After our dinner of grilled asparagus and sage polenta, we still had about a pound of asparagus left, but we had a plan. As we’ve remarked many times, we make stock at least once a week for homemade soup, and, this time, we figured a batch of cream of asparagus soup would be perfect.

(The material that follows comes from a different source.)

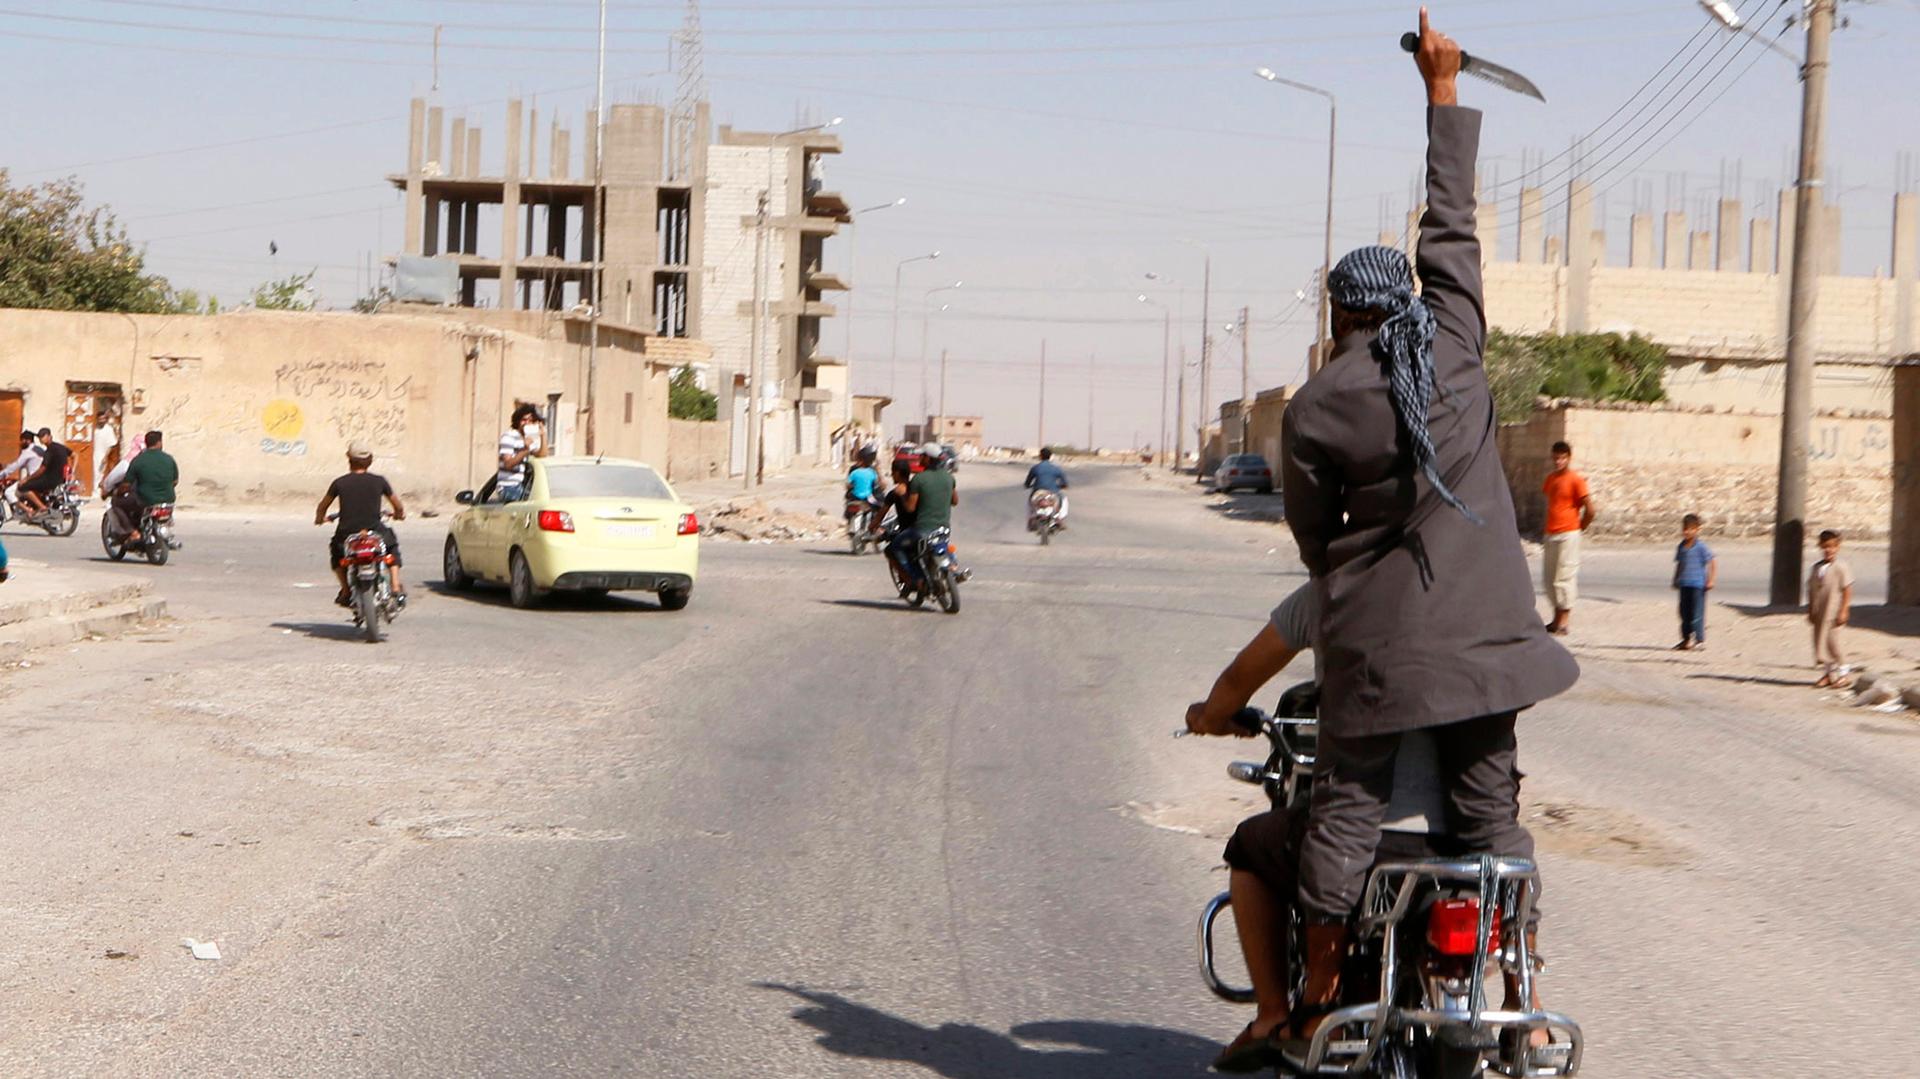 A man holds up a knife as he rides on the back of a motorcycle touring the streets of Tabqa in celebration after ISIS militants took over Tabqa air base in Syria, on August 24, 2014.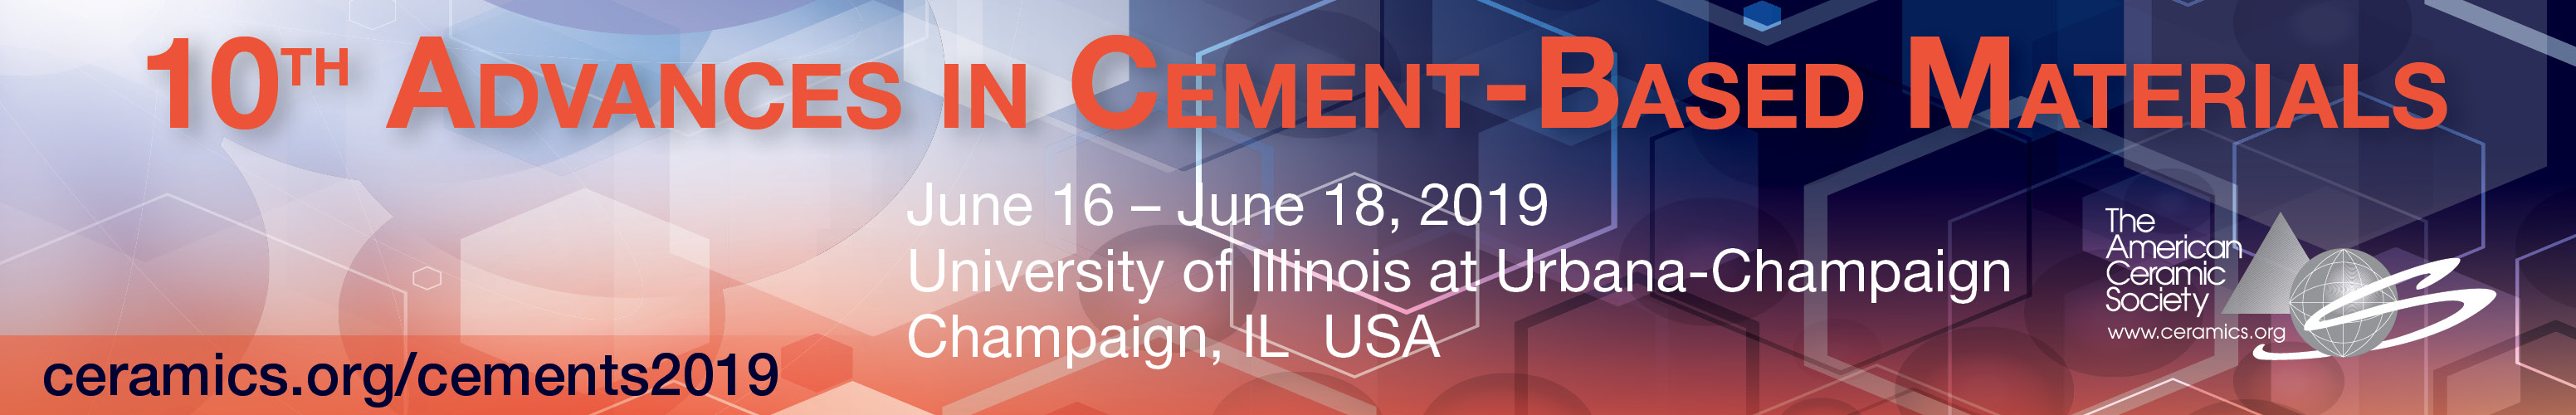 10th Advances in Cement-Based Materials archive | The American Ceramic

We didn’t have a recipe specifically for cream of asparagus soup, but we do have a great recipe for cream of mushroom soup, and it’s a simple enough change (nearly all cream soups are the same, so once you have a recipe you like, just swap out an ingredient or two to make a new flavor).

Cream of Asparagus Soup

Yield: 4 servings

Cream of Asparagus Soup


  • 2 Tbs unsalted butter
  • 1 leek, chopped fine
  • 1 clove garlic, minced
  • 1/4 tsp dried thyme
  • 2 Tbs all-purpose flour
  • 4 cups vegetable broth
  • 1 pound asparagus, trimmed
  • 1 cup heavy cream
  • kosher salt
  • freshly ground black pepper
  • black sesame seeds, for garnish

Abbreviated Instructions

Cut tips from asparagus and set aside. Cut stalks into 1-inch pieces.

Melt butter in a large saucepan over medium heat. Add leeks and cook, stirring frequently, until tender, about 10 minutes. Add garlic and thyme and cook, stirring often, about a minute more.

While stirring, sprinkle flour over the top of the leek mixture. Once the flour is mixed in, cook for about 1 minute.

Add broth, stirring to prevent lumps, then chopped asparagus stems, and bring to a low boil. Reduce heat and simmer, stirring from time to time, 10 to 15 minutes.

Meanwhile, bring a pan of salted water to a rolling boil. Add asparagus tips and cook until tender, 3 to 5 minutes. Drain immediately and rinse with cold water to stop the cooking. Set aside.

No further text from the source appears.